* Aim of the task *
The copy must hold every line from the one with "Photos from Chełmno in Poland" through the end of the listing, word for word, and must hold no pictures.

* Provided data *

━━━━━━━━

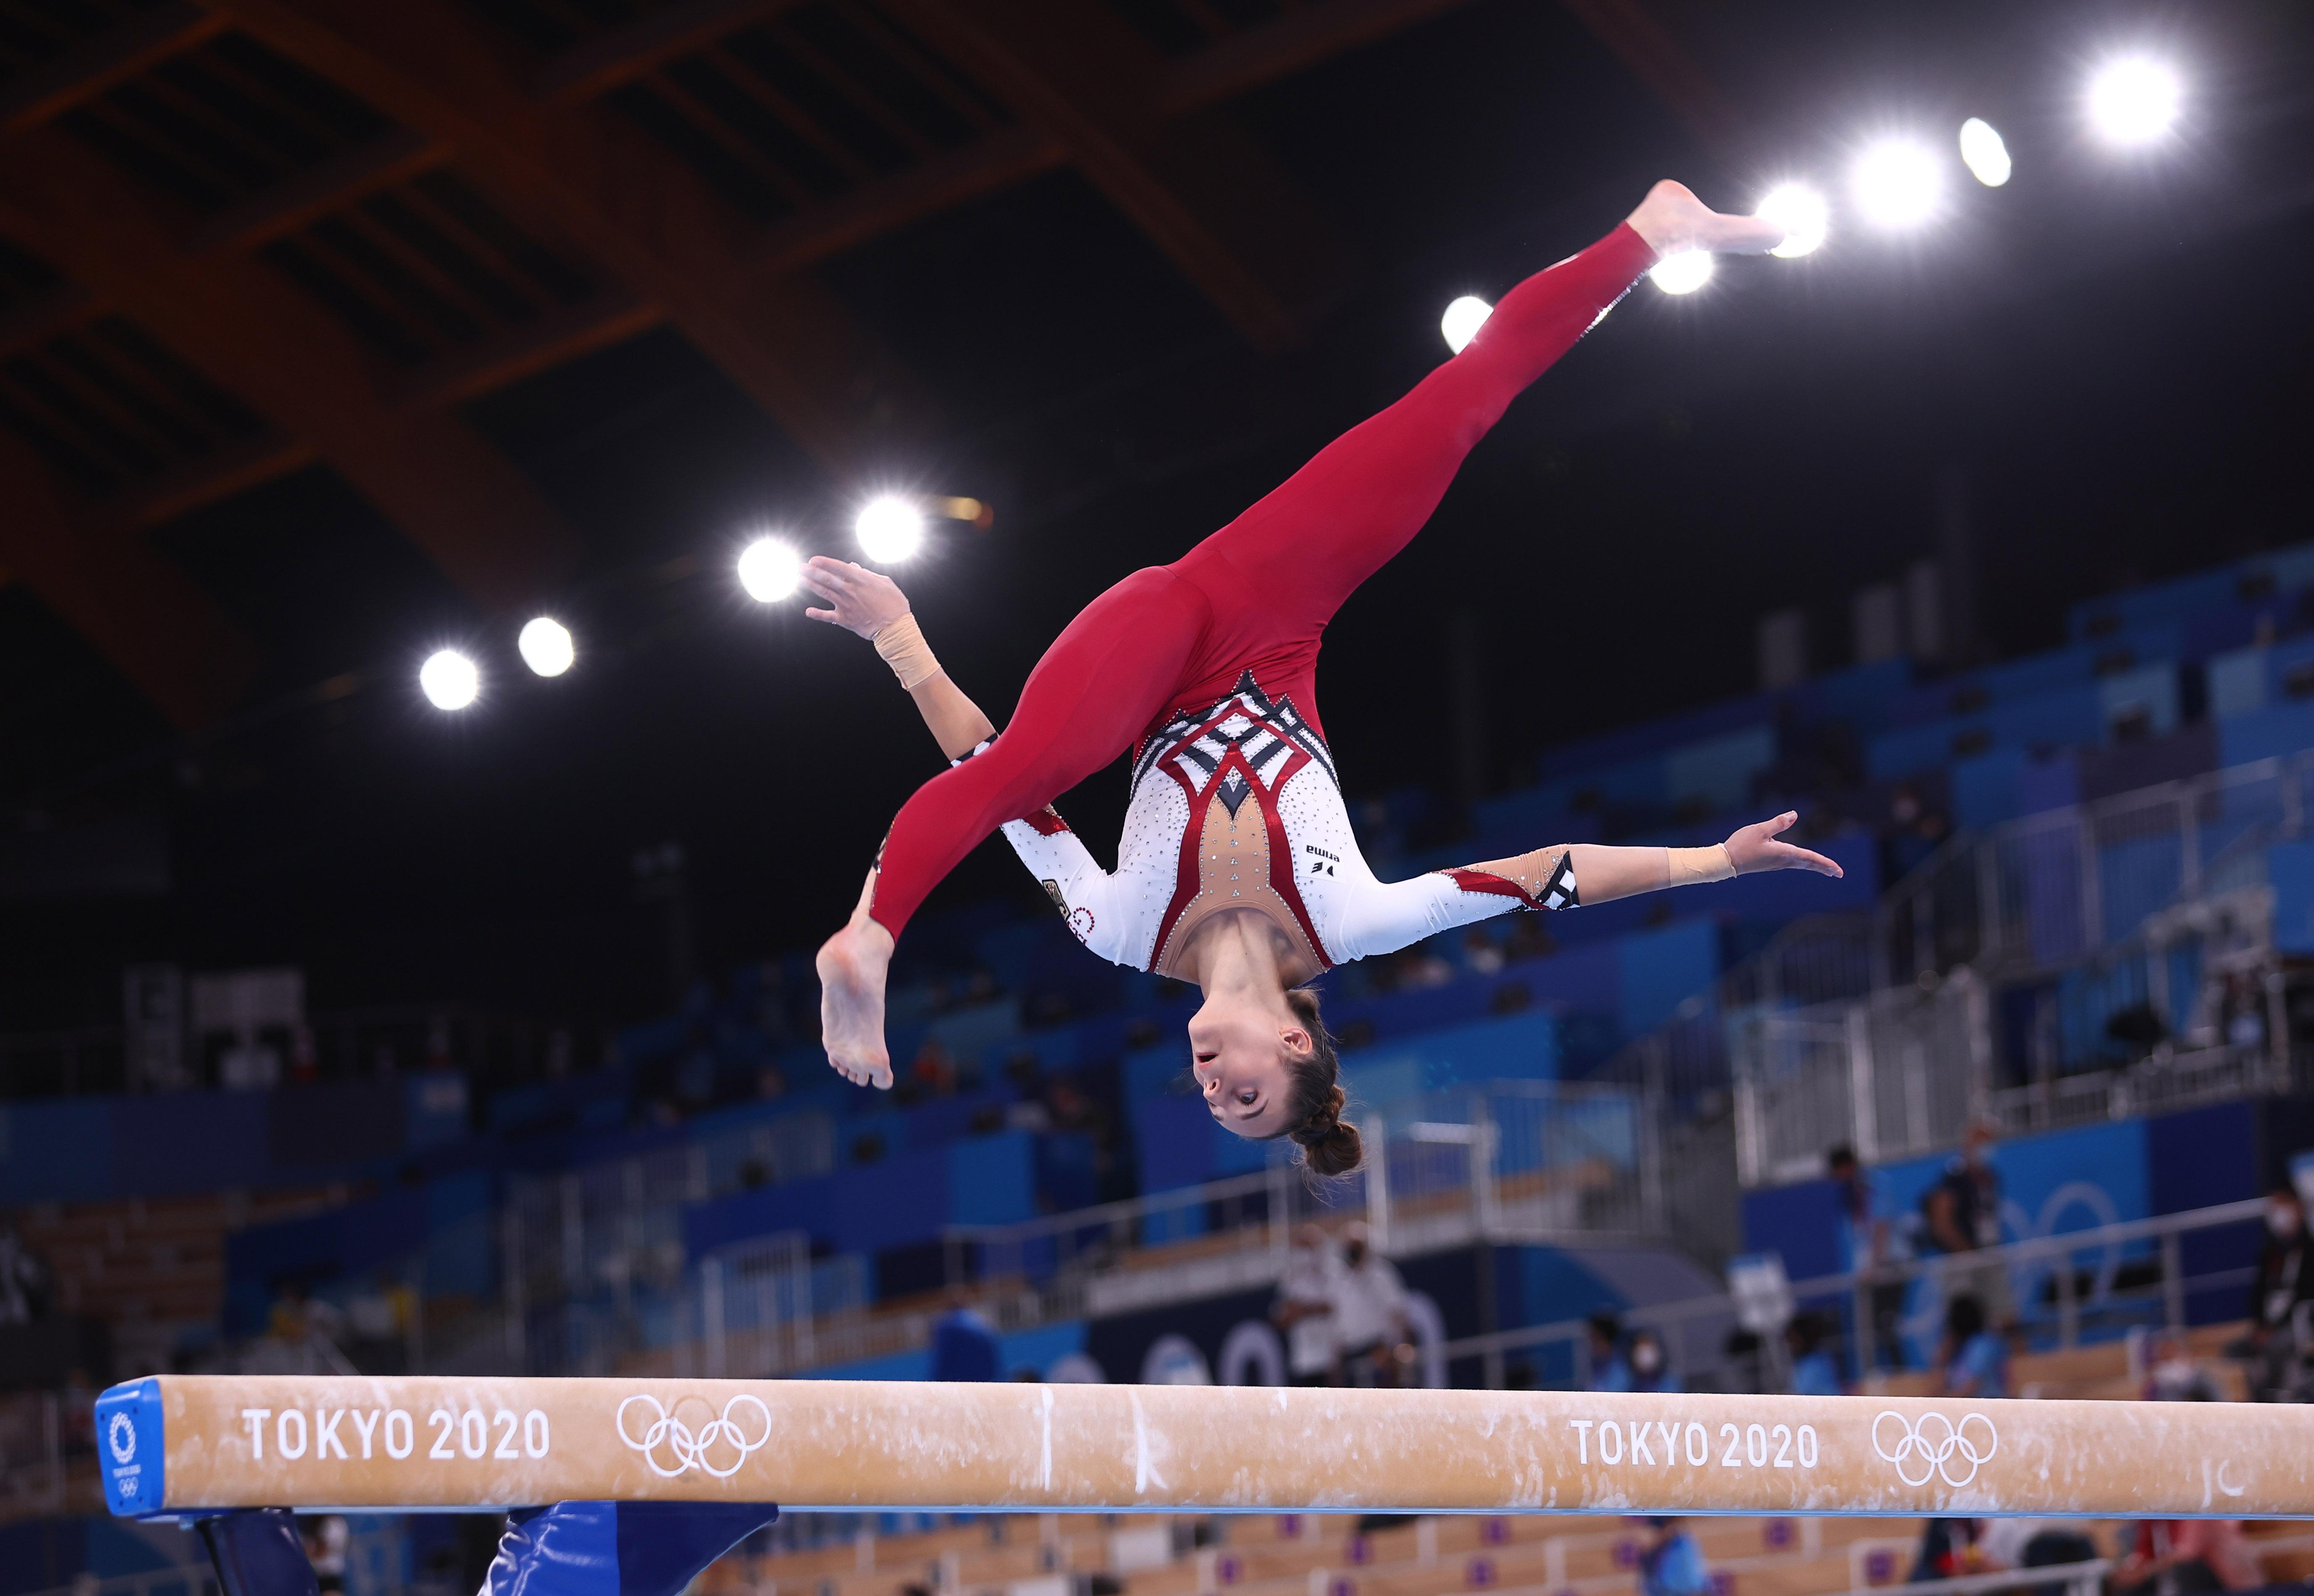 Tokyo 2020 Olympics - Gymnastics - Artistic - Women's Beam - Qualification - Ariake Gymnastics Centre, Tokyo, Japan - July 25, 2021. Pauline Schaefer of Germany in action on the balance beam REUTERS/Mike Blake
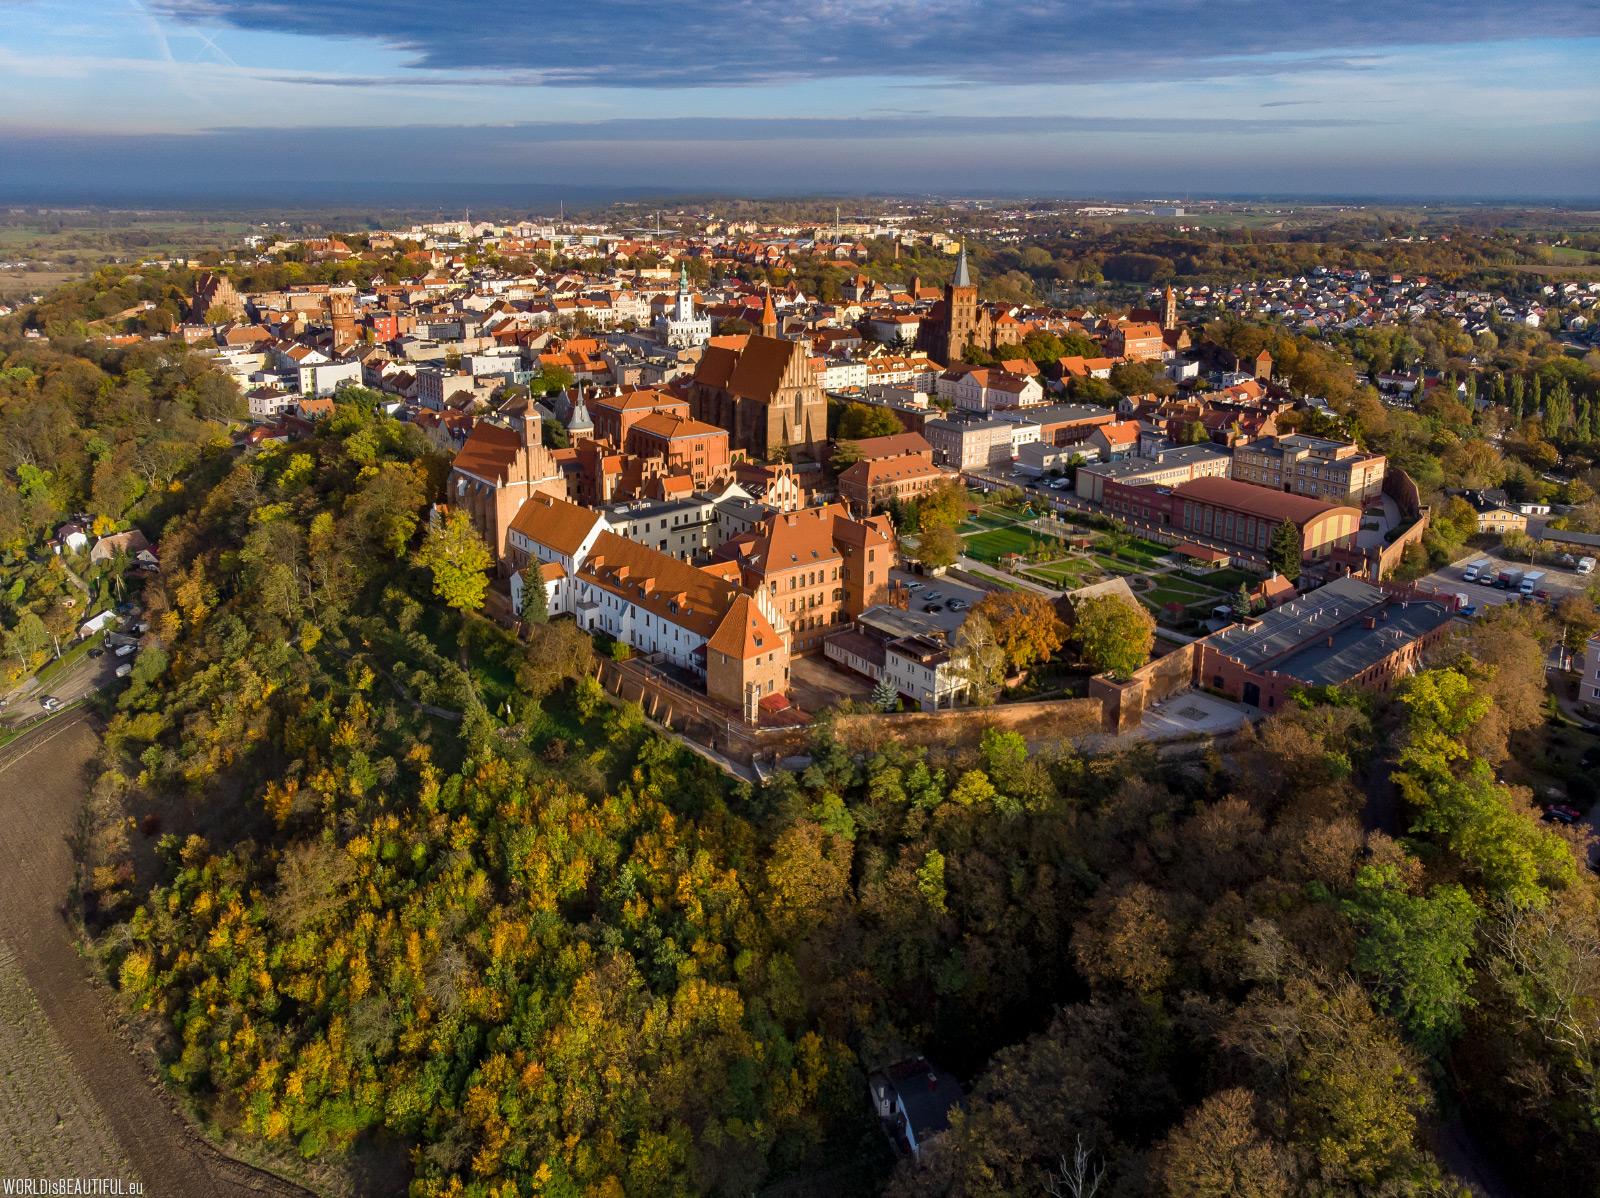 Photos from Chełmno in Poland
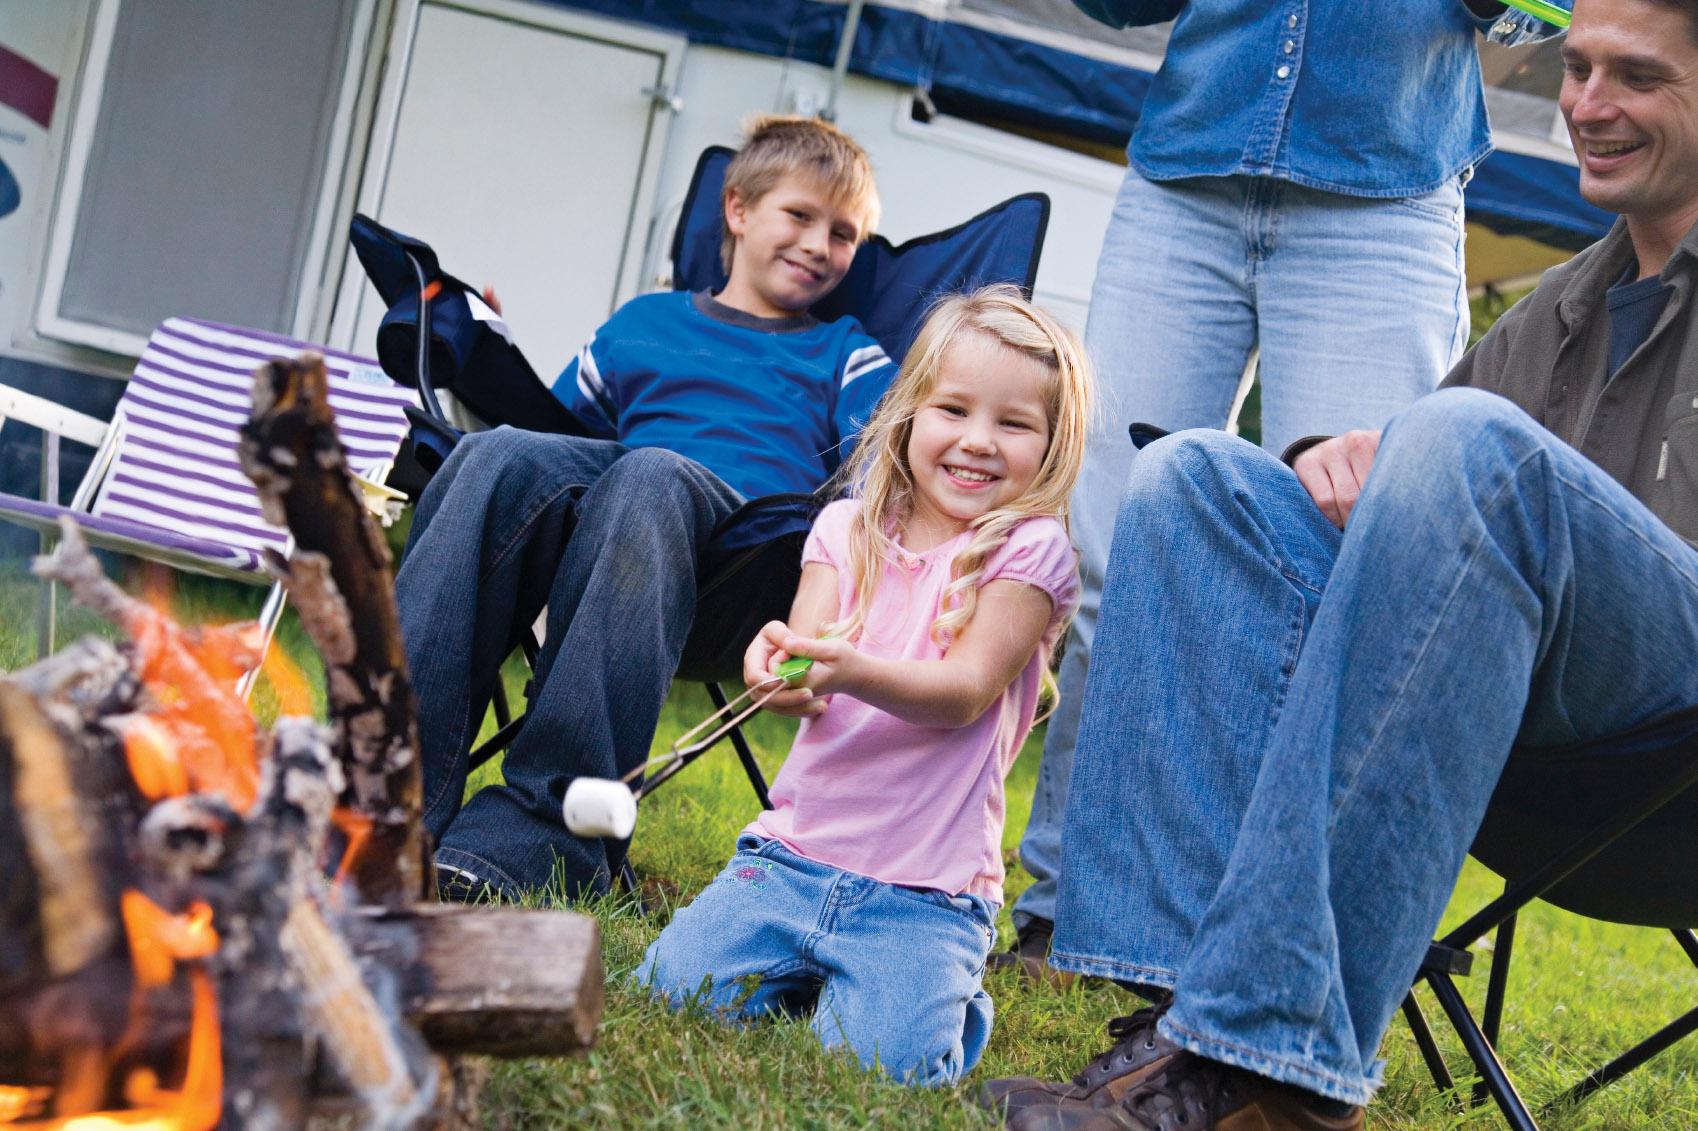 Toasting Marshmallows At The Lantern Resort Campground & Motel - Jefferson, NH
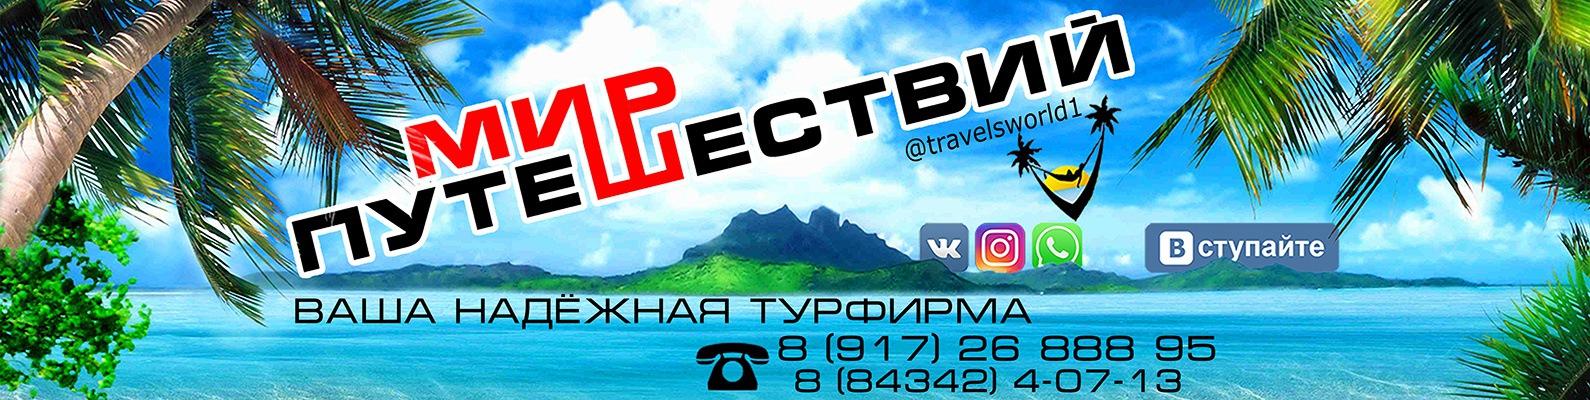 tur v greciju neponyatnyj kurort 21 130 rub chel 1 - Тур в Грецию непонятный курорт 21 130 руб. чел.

━━━━━━━━

* Answer to the exercise *
 Photos from Chełmno in Poland
 Toasting Marshmallows At The Lantern Resort Campground & Motel - Jefferson, NH
 tur v greciju neponyatnyj kurort 21 130 rub chel 1 - Тур в Грецию непонятный курорт 21 130 руб. чел.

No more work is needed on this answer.